[Date Prev][Date Next][Thread Prev][Thread Next][Date Index][Thread Index]

Re: [Xen-devel] [PATCH V2 1/1] Improved RTDS scheduler



I have removed some of the Ccs so they won't get bothered as we discussed previously.

On 1/25/2016 4:00 AM, Dario Faggioli wrote:
On Thu, 2015-12-31 at 05:20 -0500, Tianyang Chen wrote:

@@ -147,6 +148,16 @@ static unsigned int nr_rt_ops;
   * Global lock is referenced by schedule_data.schedule_lock from all
   * physical cpus. It can be grabbed via vcpu_schedule_lock_irq()
   */
+
+/* dedicated timer for replenishment */
+static struct timer repl_timer;
+
So, there's always only one timer... Even if we have multiple cpupool
with RTDS as their scheduler, they share the replenishment timer? I
think it makes more sense to make this per-scheduler.

Yeah, I totally ignored the case for cpu-pools. It looks like when a cpu-pool is created, it copies the scheduler struct and calls rt_init() where a private field is initialized. So I assume the timer should be put inside the scheduler private struct? Now that I think about it, the timer is hard-coded to run on cpu0. If there're lots of cpu-pools but the replenishment can only be done on the same pcpu, would that be a problem? Should we keep track of all instances of schedulers (nr_rt_ops counts how many) and just put times on different pcpus?

+/* controls when to first start the timer*/
+static int timer_started;
+
I don't like this, and I don't think we need it. In fact, you removed
it yourself from v3, AFAICT.

@@ -635,6 +652,13 @@ rt_vcpu_insert(const struct scheduler *ops,
struct vcpu *vc)

      /* add rt_vcpu svc to scheduler-specific vcpu list of the dom */
      list_add_tail(&svc->sdom_elem, &svc->sdom->vcpu);
+
+    if(!timer_started)
+    {
+        /* the first vcpu starts the timer for the first time*/
+        timer_started = 1;
+        set_timer(&repl_timer,svc->cur_deadline);
+    }
  }

This also seems to be gone in v3, which is good. In fact, it uses
timer_started, which I already said I didn't like.

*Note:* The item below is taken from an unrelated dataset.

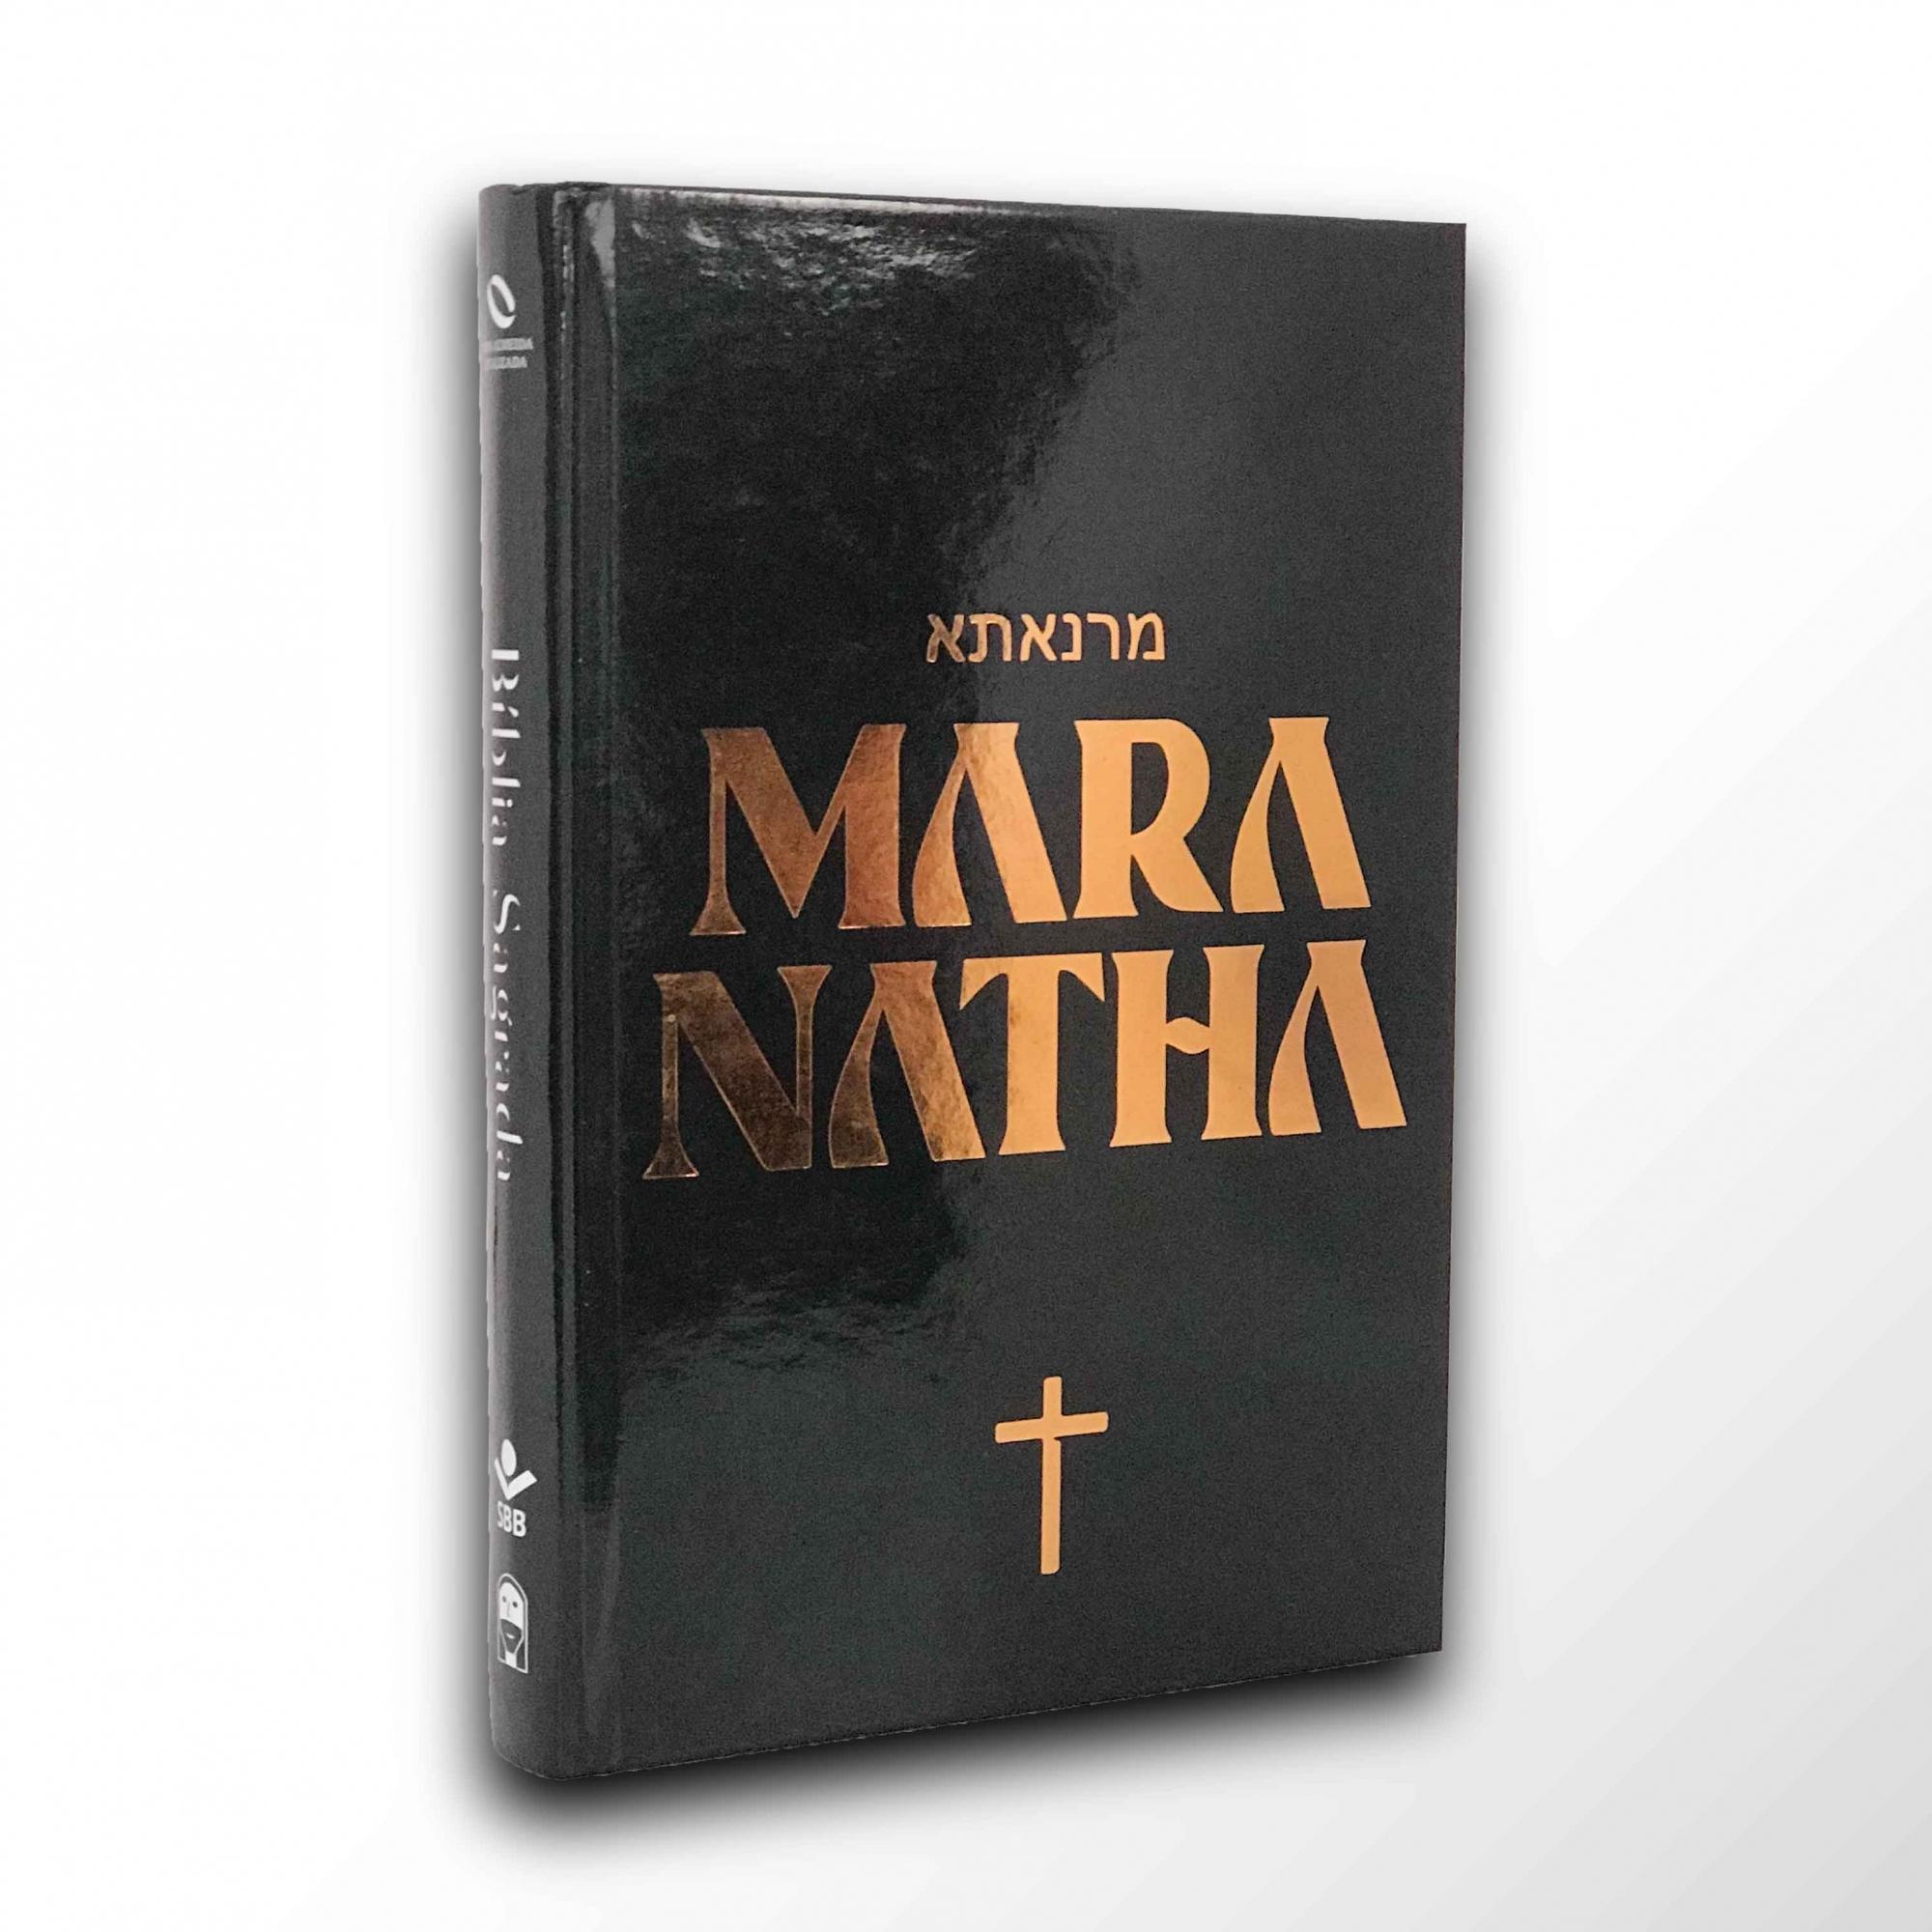 Bíblia Maranatha (Maranata) - NAA  - Loja JesusCopy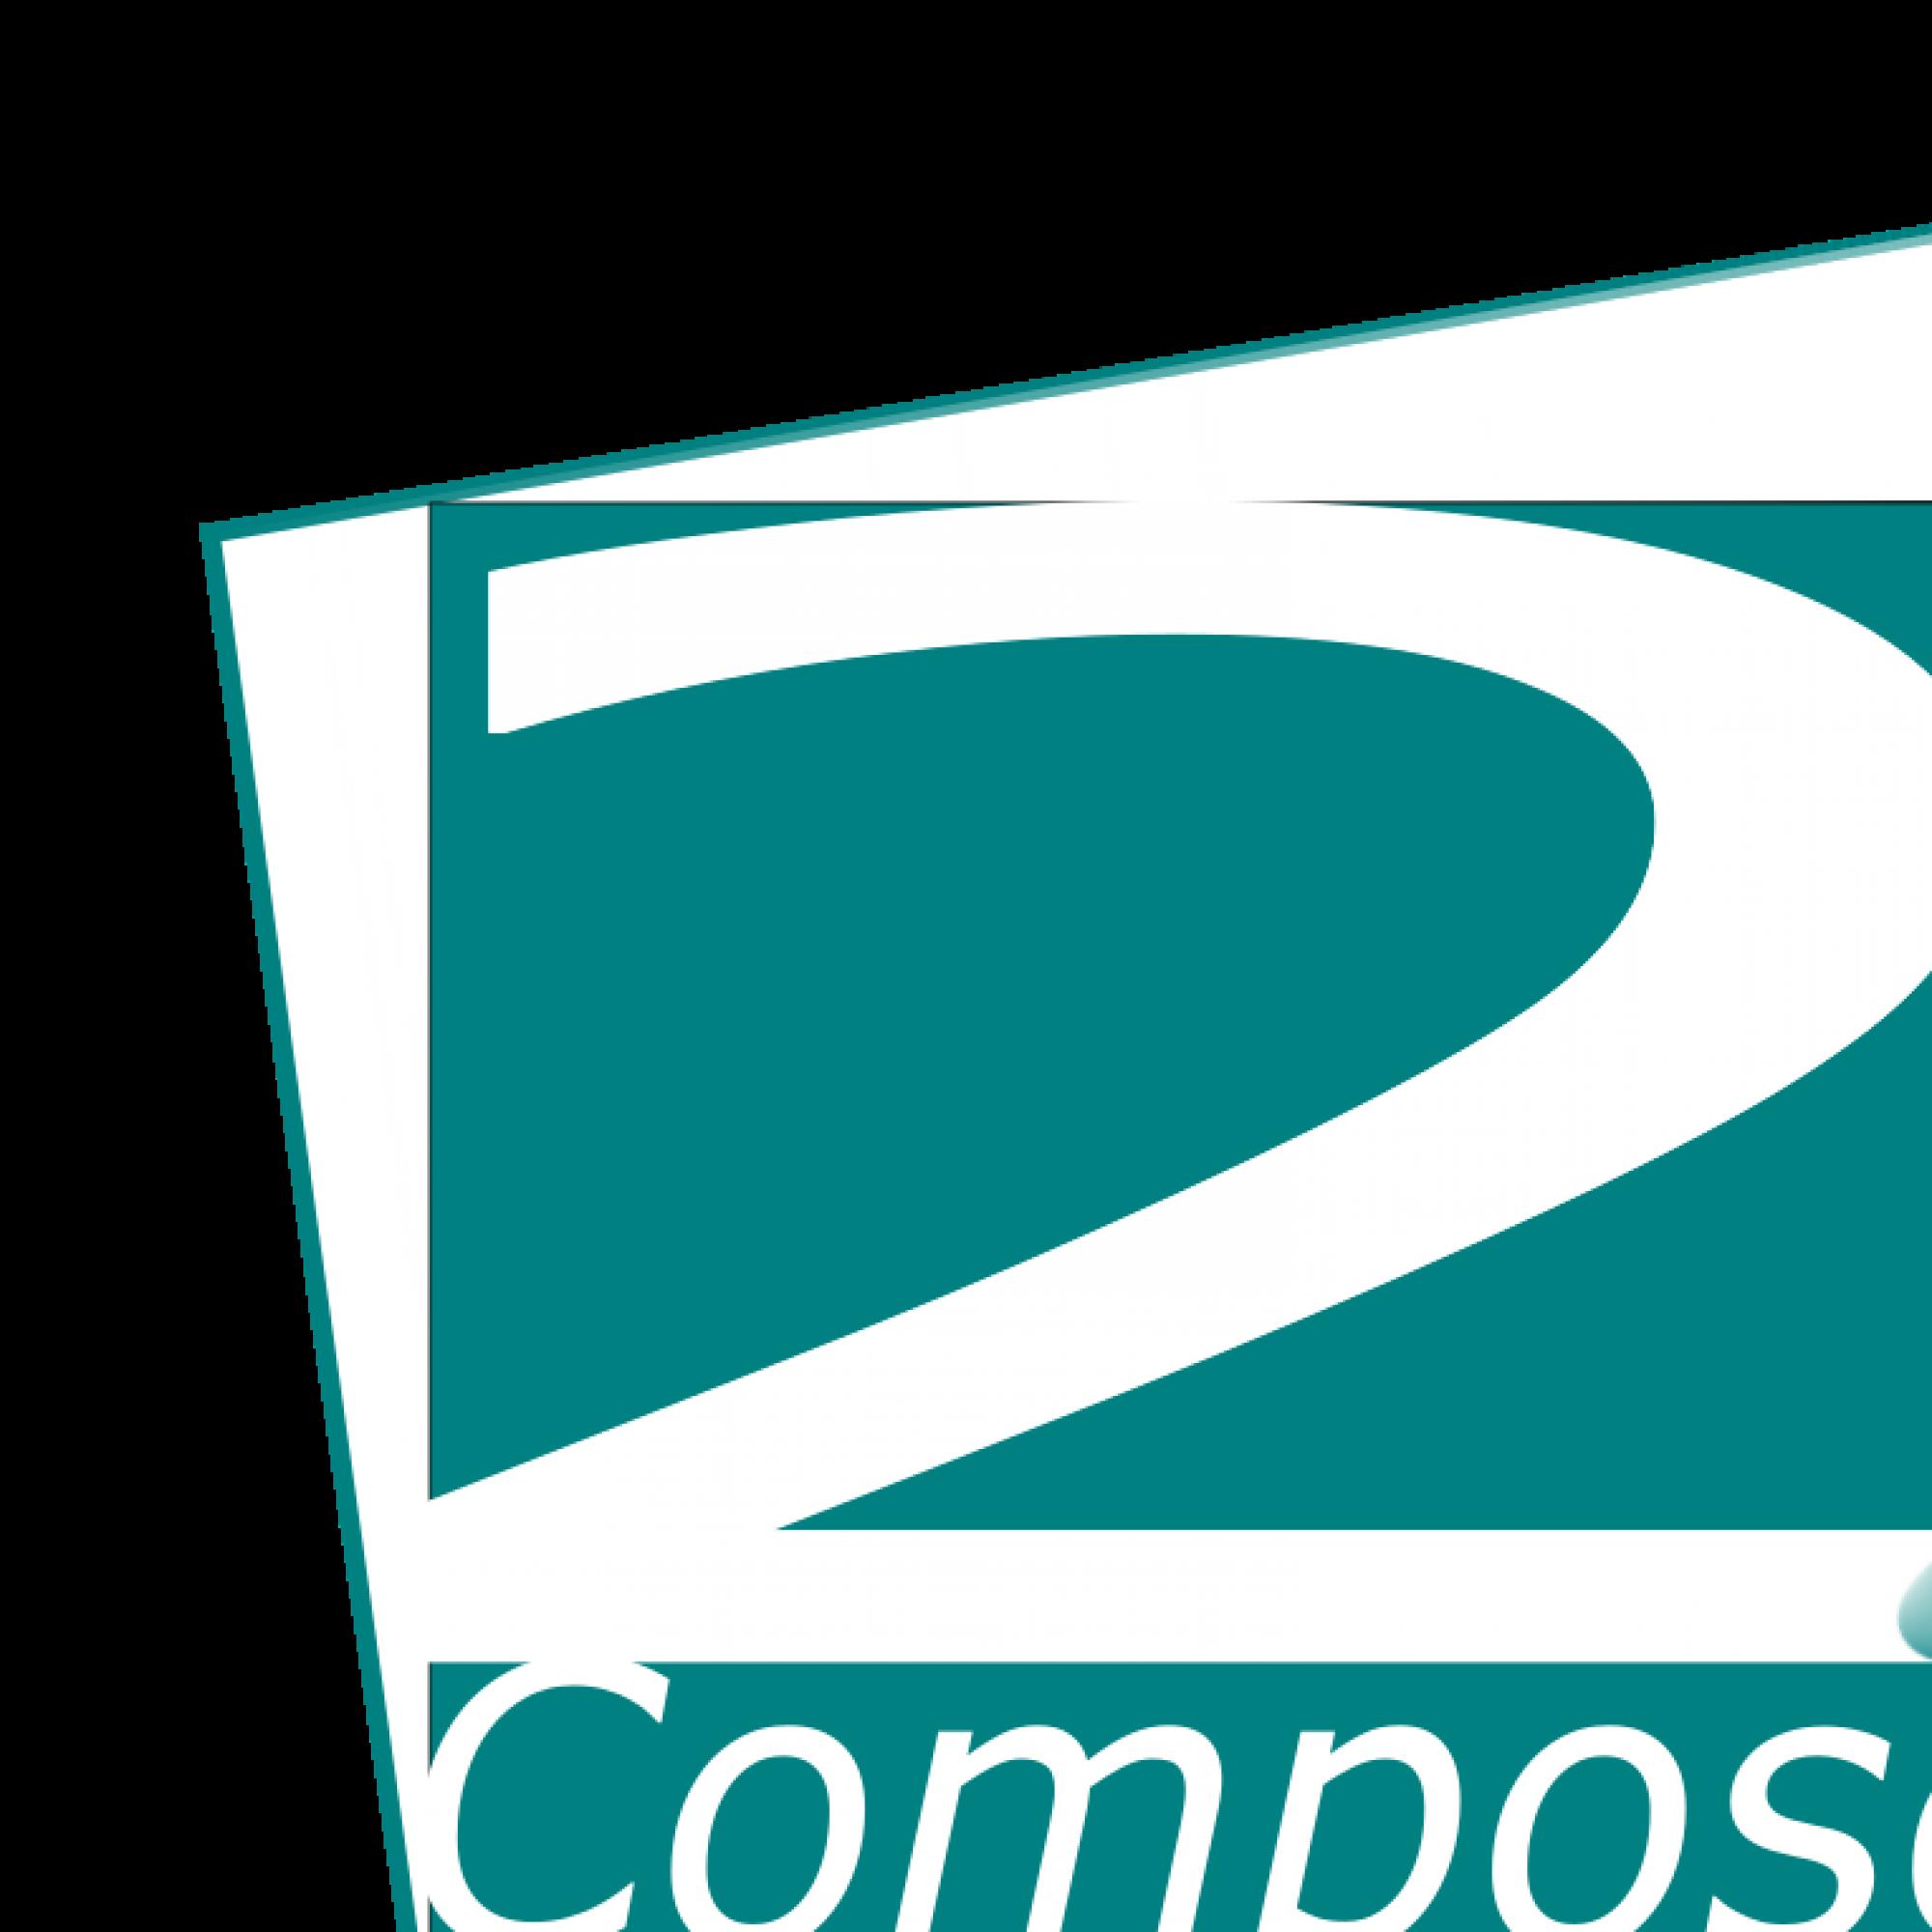 2Compose Creative Design

About the actual startup of the timer (no matter whether for first time
or not). Here, you were doing it in _vcpu_insert() and not in
_vcpu_wake(); in v3 you're doing it in _vcpu_wake() and not in
_runq_insert()... Which one is the proper way?


Correct me if I'm wrong, at the beginning of the boot process, all vcpus are put to sleep/not_runnable after insertions. Therefore, the timer should start when the first vcpu wakes up. I think the wake() in v3 should be correct.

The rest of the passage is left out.